И эпистемология, и теология не имеют перспективы, если они попадают в постмодернистскую ловушку. Самое большое, на что они могут рассчитывать, это на бесконечную игру в парадоксы, вызывающую усталость и разочарование. Поэтому естественны попытки как-то выбраться из этой ловушки. Например, А. В. Нестерук в упомянутой книге, признавая, что западная теология, активно участвуя в диалоге с современными философско-научными концепциями, к сожалению, «перенимает» у них «толерантное» (а по сути, добавлю, скептическое) отношение к истине или другим эпистемологическим ценностям, считает, что православное богословие все же сохраняет «истину» как сердцевину своего учения, соединяя проблему истины с религиозной онтологией.
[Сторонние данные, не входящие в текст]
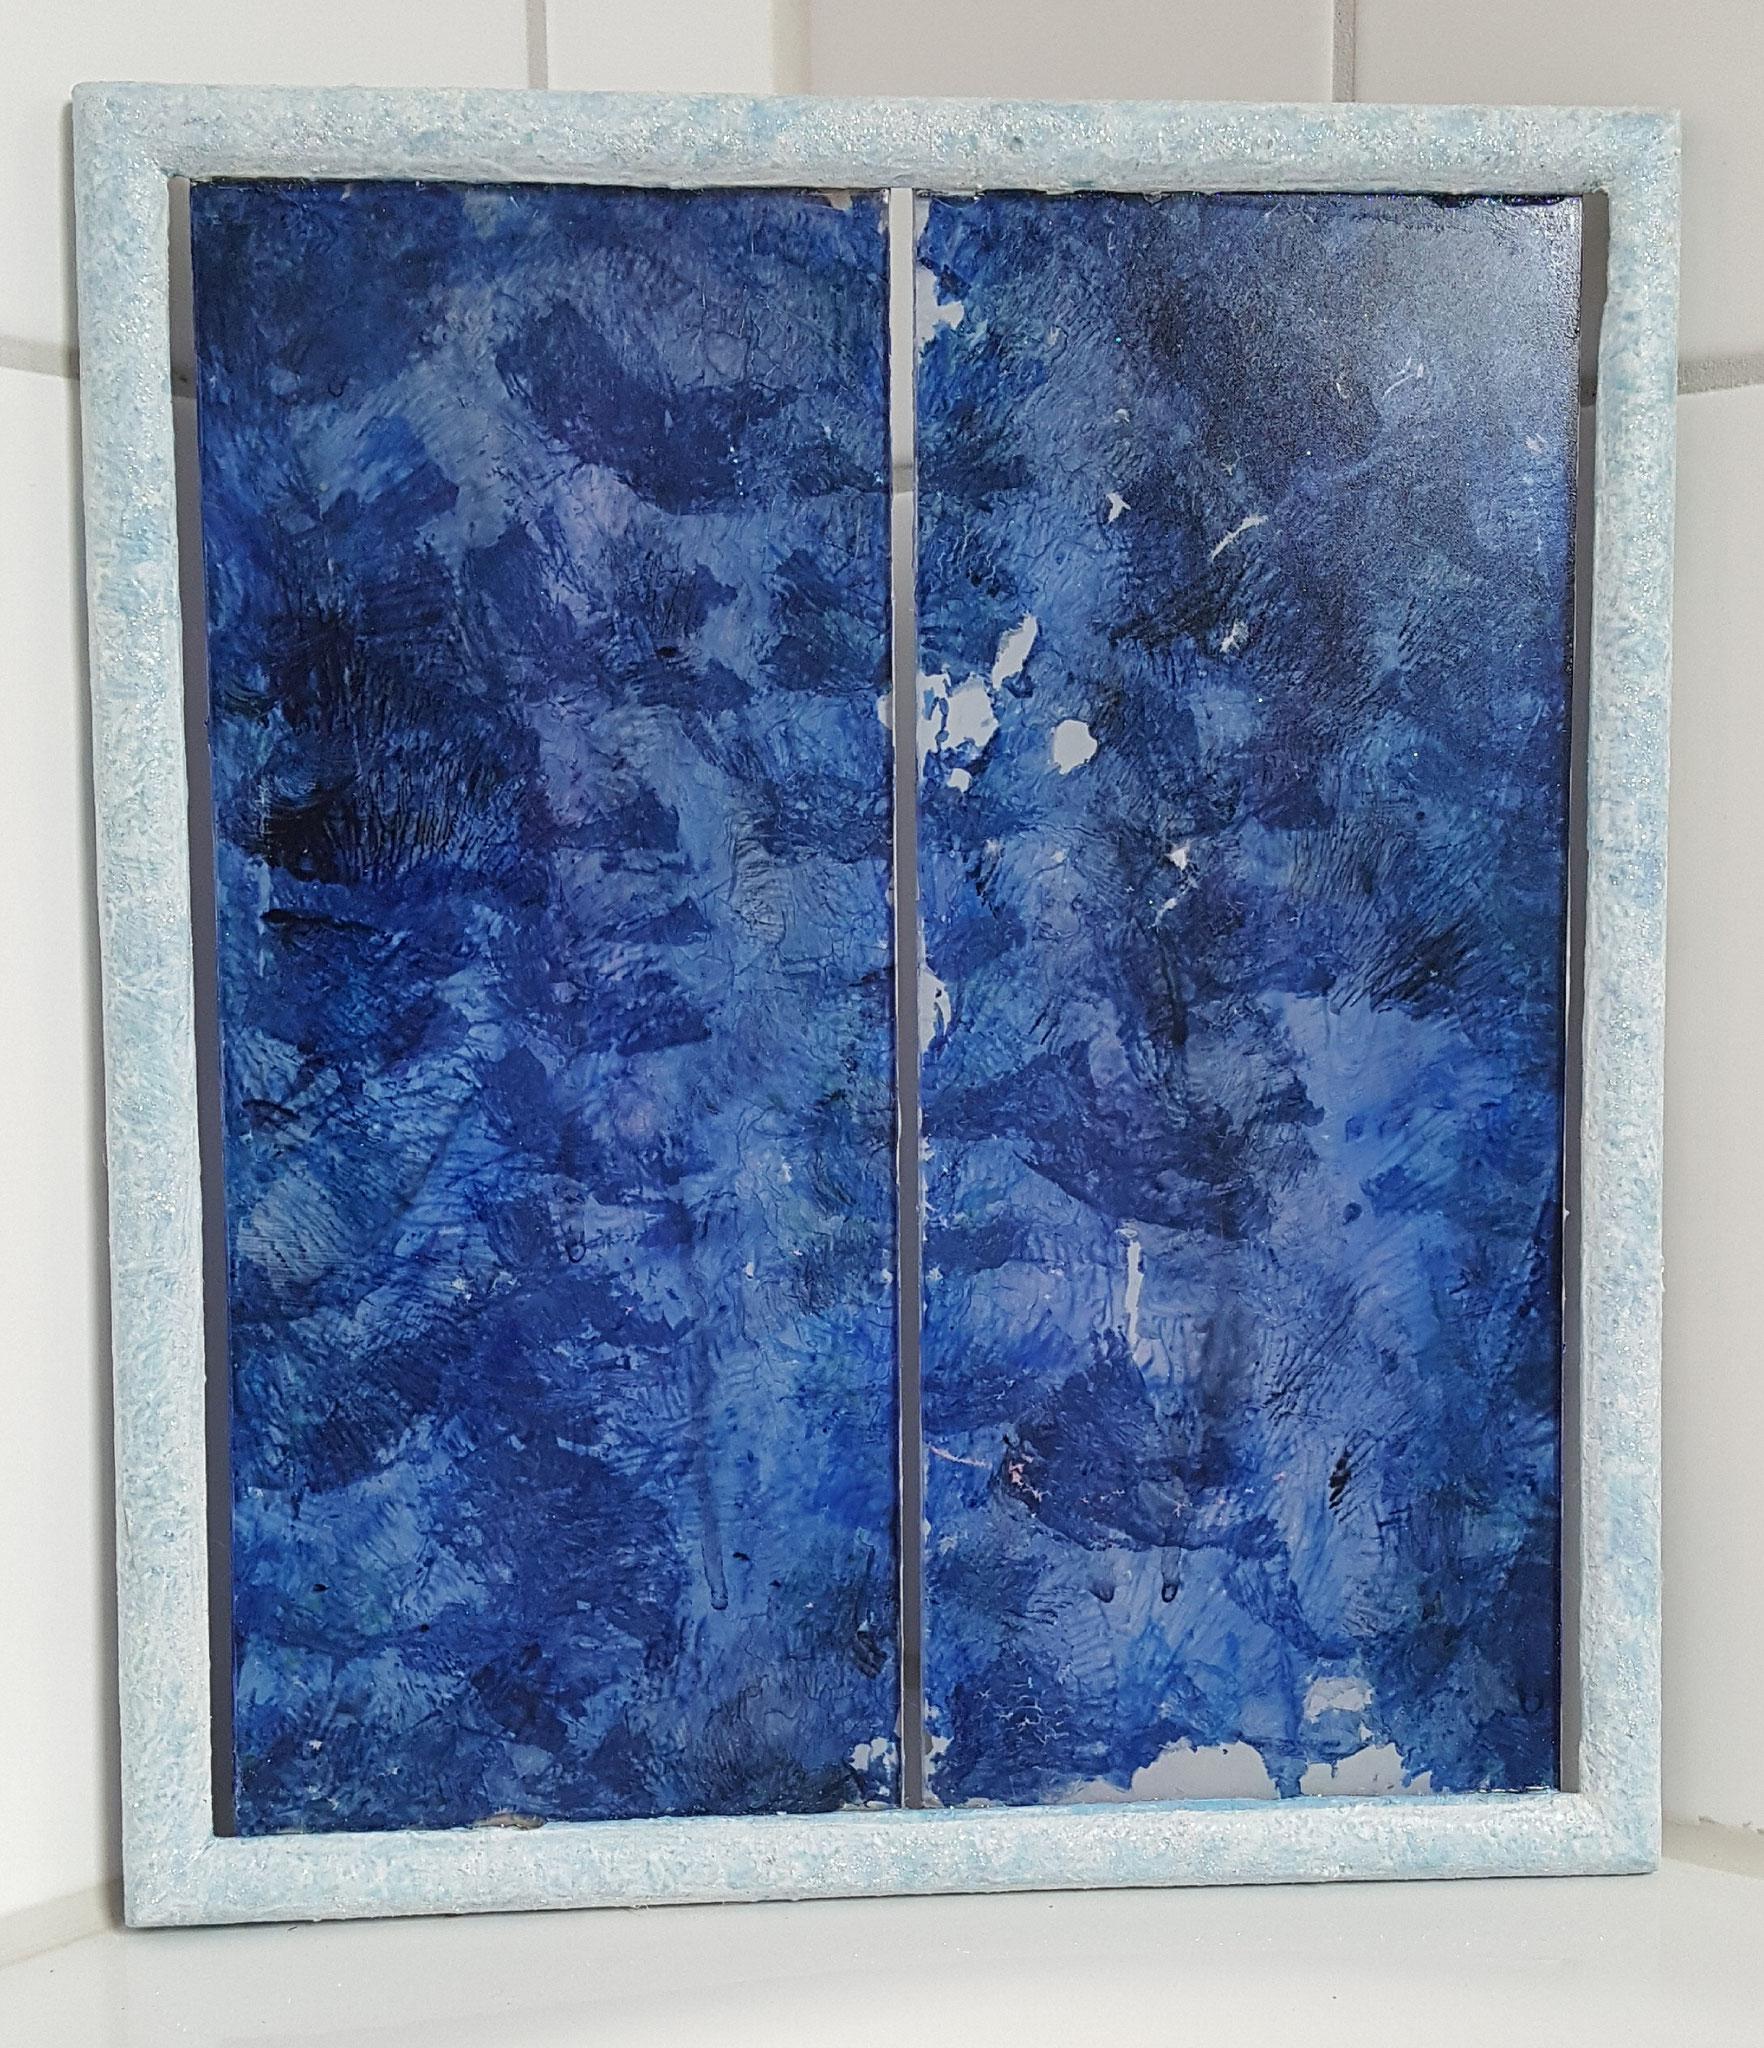 Glas 3, 26x30cm Fr. 220.--

Поэтому, продолжает он, «обе истины – и научная, и религиозная – имеют общее основание, общий источник их онтологической внеположенности – Бога, чье бытие, так же, как и бытие людей в Боге, явлено нам через сопричастие, общение с Богом». И это означает, что «науку, таким образом, можно воспринимать как вид религиозного опыта»[86]. Таким образом, альтернативой «осерьезнивания» (если угодно, «депостмодернизации») эпистемологических ценностей оказывается их «теологизация»; вне богословского контекста (православного, католического или какого-либо еще; я не хотел бы участвовать в их сравнении, оставляя это для богословских дискуссий) эти ценности падают. Богословие, с этой точки зрения, охватывает собою науку, и потому лежащие на поверхности различия их языков, принципов, критериев истинности и т. п. выглядят несущественными деталями по сравнению с фундаментальным различием между эмпирической и умопостигаемой сферами, делающем невозможным логическое противоречие между наукой и богословием.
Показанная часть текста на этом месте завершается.